▶ _Your goal_
When the line containing "My Bedroom Renovation" appears in the data below, begin copying there and stop only after the line containing "Dry Fix DPC".

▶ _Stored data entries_
----------
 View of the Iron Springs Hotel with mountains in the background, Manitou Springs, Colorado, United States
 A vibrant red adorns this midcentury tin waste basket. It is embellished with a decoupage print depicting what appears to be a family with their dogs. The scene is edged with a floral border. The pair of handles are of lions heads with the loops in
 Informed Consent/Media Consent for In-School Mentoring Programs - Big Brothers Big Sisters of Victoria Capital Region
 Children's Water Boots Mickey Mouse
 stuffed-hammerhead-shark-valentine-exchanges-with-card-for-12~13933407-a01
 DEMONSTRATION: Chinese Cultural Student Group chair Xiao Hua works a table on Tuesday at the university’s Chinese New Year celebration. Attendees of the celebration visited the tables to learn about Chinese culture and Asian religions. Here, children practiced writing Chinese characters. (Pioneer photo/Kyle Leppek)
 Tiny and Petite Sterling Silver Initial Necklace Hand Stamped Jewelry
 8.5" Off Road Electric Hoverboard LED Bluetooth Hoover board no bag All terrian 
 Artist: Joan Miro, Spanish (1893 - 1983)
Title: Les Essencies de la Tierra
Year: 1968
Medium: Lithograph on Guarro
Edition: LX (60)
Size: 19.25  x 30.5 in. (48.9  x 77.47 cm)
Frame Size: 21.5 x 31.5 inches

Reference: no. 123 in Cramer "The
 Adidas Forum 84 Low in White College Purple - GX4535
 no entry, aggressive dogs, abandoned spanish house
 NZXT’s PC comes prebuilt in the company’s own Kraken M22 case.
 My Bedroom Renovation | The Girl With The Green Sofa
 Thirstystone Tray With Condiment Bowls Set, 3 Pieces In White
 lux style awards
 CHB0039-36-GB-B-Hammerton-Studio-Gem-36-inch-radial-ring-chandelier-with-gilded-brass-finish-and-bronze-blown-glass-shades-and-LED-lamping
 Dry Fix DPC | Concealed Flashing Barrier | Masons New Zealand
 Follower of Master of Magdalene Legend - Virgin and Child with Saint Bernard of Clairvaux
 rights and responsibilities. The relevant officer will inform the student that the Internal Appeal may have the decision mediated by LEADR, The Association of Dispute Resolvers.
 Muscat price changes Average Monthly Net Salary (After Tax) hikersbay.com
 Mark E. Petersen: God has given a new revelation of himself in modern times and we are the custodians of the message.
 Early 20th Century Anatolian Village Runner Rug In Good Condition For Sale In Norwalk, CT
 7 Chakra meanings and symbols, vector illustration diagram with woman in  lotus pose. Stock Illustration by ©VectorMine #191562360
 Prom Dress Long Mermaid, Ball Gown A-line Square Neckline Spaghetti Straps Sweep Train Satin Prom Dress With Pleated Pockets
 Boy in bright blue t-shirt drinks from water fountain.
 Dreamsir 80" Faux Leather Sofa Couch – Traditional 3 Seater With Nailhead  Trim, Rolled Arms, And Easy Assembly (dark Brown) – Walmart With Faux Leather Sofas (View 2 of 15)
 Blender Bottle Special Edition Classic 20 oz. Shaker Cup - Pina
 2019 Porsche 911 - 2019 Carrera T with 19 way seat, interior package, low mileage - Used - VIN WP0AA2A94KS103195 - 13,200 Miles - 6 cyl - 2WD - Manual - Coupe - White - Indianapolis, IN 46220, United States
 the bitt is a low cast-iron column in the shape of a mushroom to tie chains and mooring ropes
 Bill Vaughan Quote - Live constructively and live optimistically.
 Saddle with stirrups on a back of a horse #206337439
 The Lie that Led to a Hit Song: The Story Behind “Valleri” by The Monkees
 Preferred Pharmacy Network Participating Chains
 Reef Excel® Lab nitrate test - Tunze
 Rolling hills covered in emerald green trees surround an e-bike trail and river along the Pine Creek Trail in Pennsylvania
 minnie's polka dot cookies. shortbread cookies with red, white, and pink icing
----------
▶ _Solution to this exercise_
 My Bedroom Renovation | The Girl With The Green Sofa
 Thirstystone Tray With Condiment Bowls Set, 3 Pieces In White
 lux style awards
 CHB0039-36-GB-B-Hammerton-Studio-Gem-36-inch-radial-ring-chandelier-with-gilded-brass-finish-and-bronze-blown-glass-shades-and-LED-lamping
 Dry Fix DPC | Concealed Flashing Barrier | Masons New Zealand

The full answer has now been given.